Его некогда тихий, благословенный уголок сельской Франции запомнил надолго, равно как и генерала Тюрро с его адскими колоннами, истреблявшими на своем пути дома, селения, леса, насиловавшими женщин и детей, без счёта расстреливавшими пленных. «Вандея должна стать национальным кладбищем», – говорил Тюрро и уже не войну вёл, но просто мстил непокорным деревням, обращая их в огромные братские могилы. Десятки тысяч крестьян были расстреляны, гильотинированы, сожжены заживо, заморены голодом, утоплены в баржах, которые Тюрро придумал использовать, как устройство для многоразовых массовых казней… Гимн кровавой Республики отбивали на барабанах обтянутых человеческой кожей, из которой не брезговали делать и иные вещи, в том числе – предметы одежды.
В России у Вестермана и Тюрро нашлись достойные последователи. С такой же яростью несколько лет назад вчерашний подпоручик Тухачевский поголовно уничтожал крестьян Тамбовской губернии, поднявших восстание против большевиков. По его плану в губернии был введён режим оккупации. Семьи повстанцев лишались имущества и заключались во временные концентрационные лагеря. Число заключённых исчислялось десятками тысяч. В случае, если повстанец не сдавался в течение двух недель, его семья депортировалась в отдалённые северные области. Позже к этому добавилась практика массовых расстрелов заложников и, наконец, впервые в мировой истории – применение ядовитых газов против населения собственной страны. Подавлением Тамбовского восстания руководили кроме Тухачевского многие видные большевистские военачальники – Уборевич, Ульрих, Котовский…

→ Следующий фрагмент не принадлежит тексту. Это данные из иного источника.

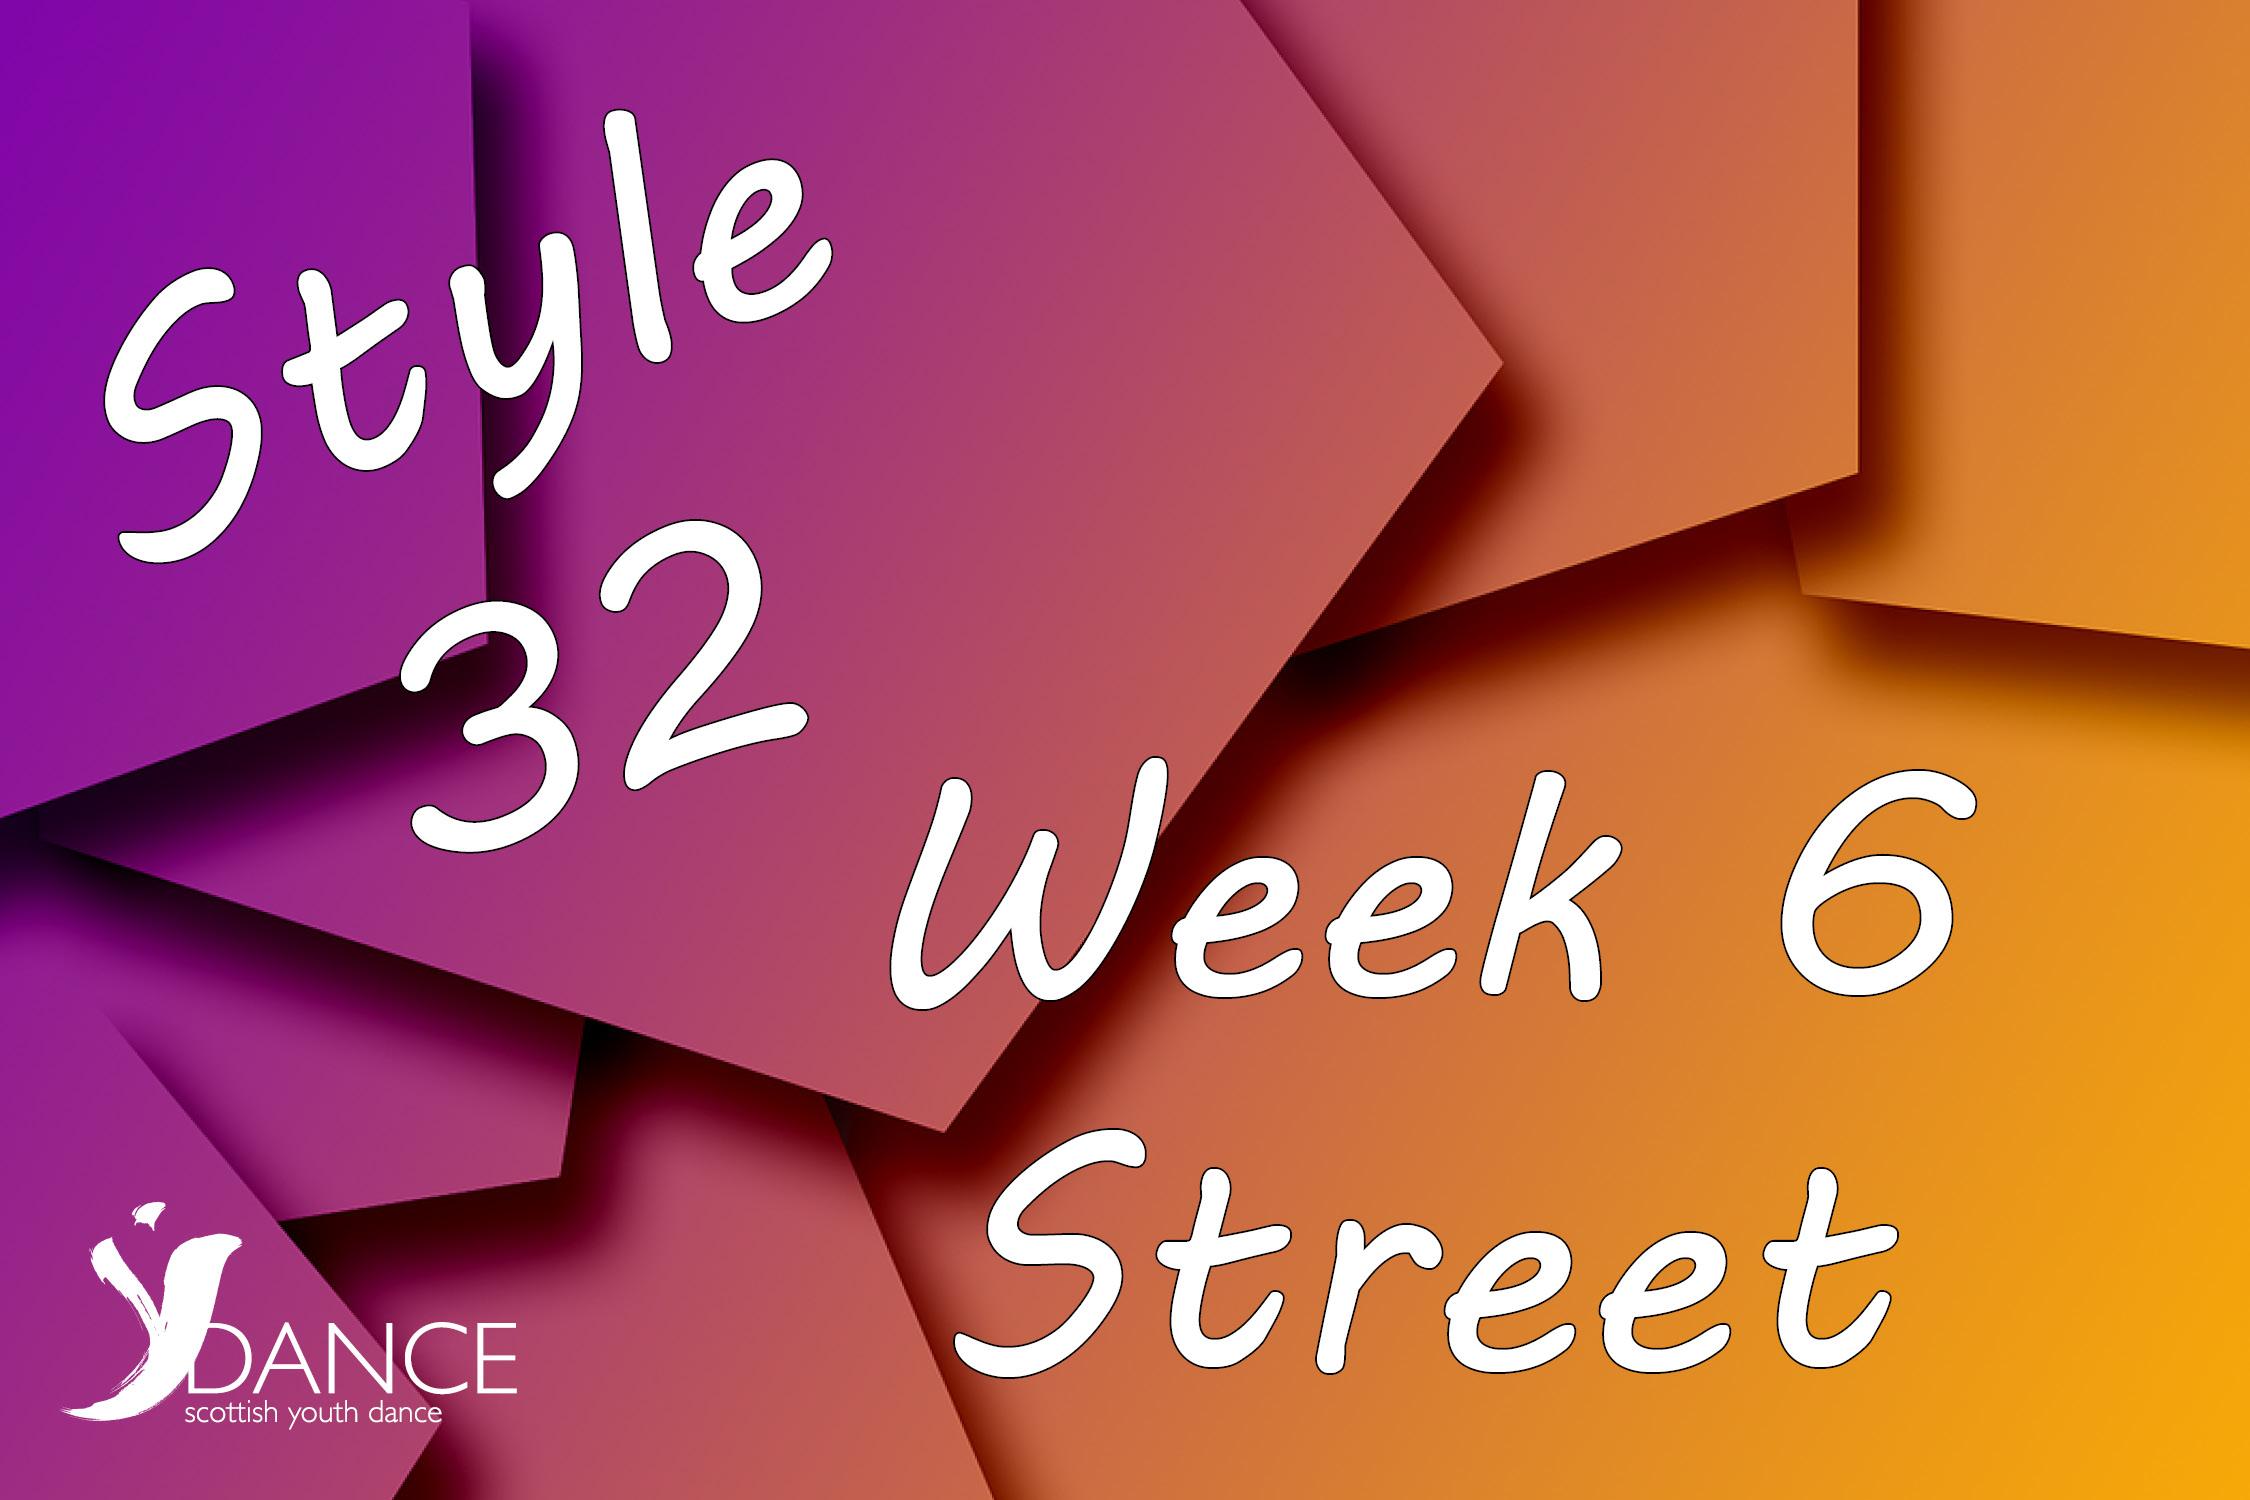 Style32 - Wk6 - Street

Имея перед глазами столь яркий пример, как история революции французской, ничуть не усомнился товарищ Горький отнести жестокость революции российской исключительно на счёт «природной жестокости русского народа». Русского мужика Алексей Максимович ненавидел яростно. Эта ненависть так и сочилась со страниц его произведений, большинство из которых не имело ни малейшего отношения к литературе, а являлось лишь бездарными политическими памфлетами.
Когда-то юный босяк-агитатор Алёша Пешков с молодым задором ринулся в деревню и стал нахраписто пропагандировать мужикам революцию. Мужики, известное дело, таких сопливых «учителей» видали, а потому ограничились тем, что вполне по-отечески отходили Алёшу по мягким и не очень частям тела, дабы выбить дурь и наперёд отучить заниматься ересью. Алёша был столь оскорблён сим досадным обстоятельством в начале своей политической карьеры, что затаил на мужика великий зуб. С той поры он приписывал крестьянству все возможные и невозможные грехи и в годы гражданской войны сетовал лишь об одном: что большевики приносят «героическую рать рабочих и всю искренне революционную интеллигенцию в жертву русскому крестьянству».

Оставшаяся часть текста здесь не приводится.